6. The method according to claim 1, characterized in that, In step S2, the centrifugation speed is 2500-3500 rpm and the centrifugation time is 5-15 min.
7. The method according to claim 1, characterized in that, In step S2, the freeze-thaw process specifically involves freezing first and then thawing, with the freezing temperature being -75℃ to 80℃ and the freezing time being 30 to 60 minutes, and the thawing temperature being 35℃ to 37℃ and the thawing time being 5 to 10 minutes.
8. The method according to claim 1, characterized in that, In step S2, the number of freeze-thaw cycles is 1-5.

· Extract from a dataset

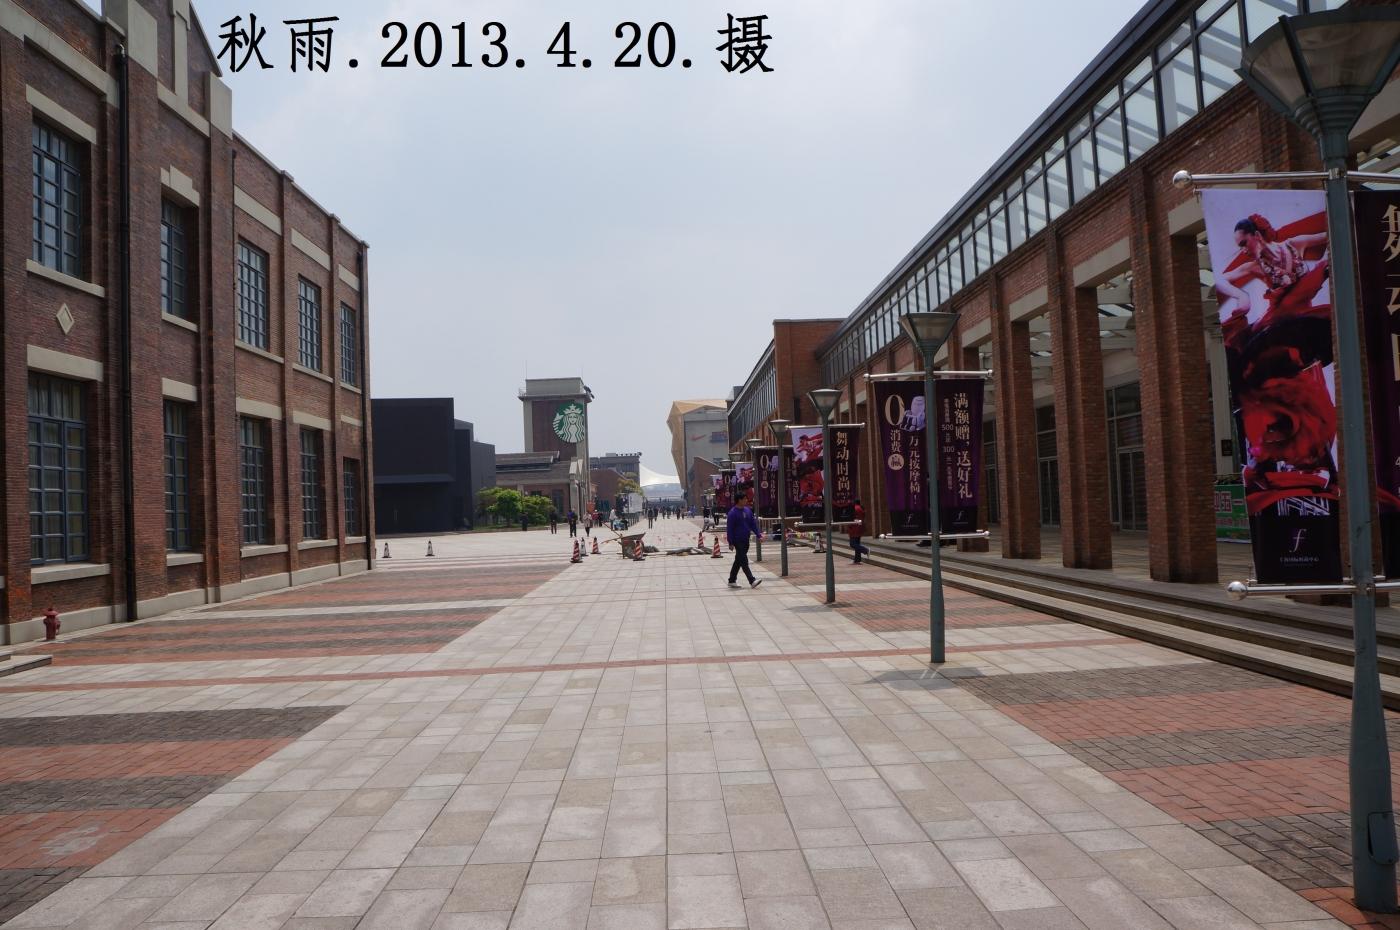 上海国际时尚中心,原国棉十七厂旧址(1),修旧如旧。摄影原创。 ..._图1-2
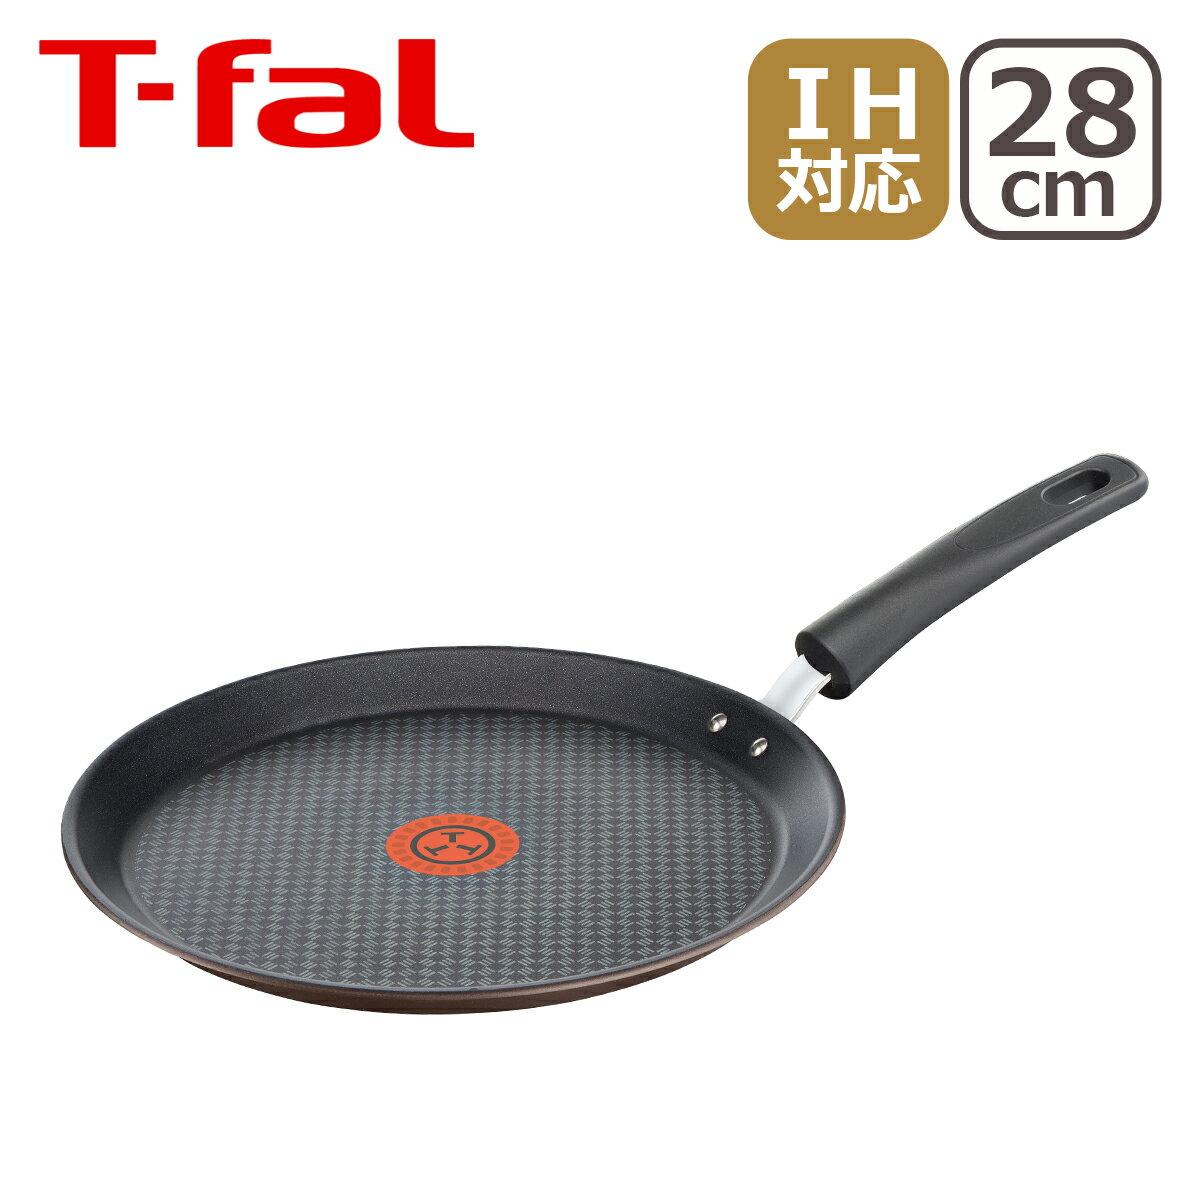 ティファール【IH対応】IHフレンチパン 28cm T-fal クレープパン

9. The method according to claim 1, characterized in that, In step S2, the pore size of the filter membrane used for filtration is 0.22-0.45 μm.
10. The method according to claim 1, characterized in that, In step S3, the polymer precipitation method is as follows: add polyethylene glycol 6000 solution to the outer vesicle enrichment solution, vortex mix, and incubate at 4°C for 12-16 h; centrifuge at 10000-11000 rpm for 30-60 min, collect the precipitate and resuspend it with PBS buffer to obtain the outer vesicle.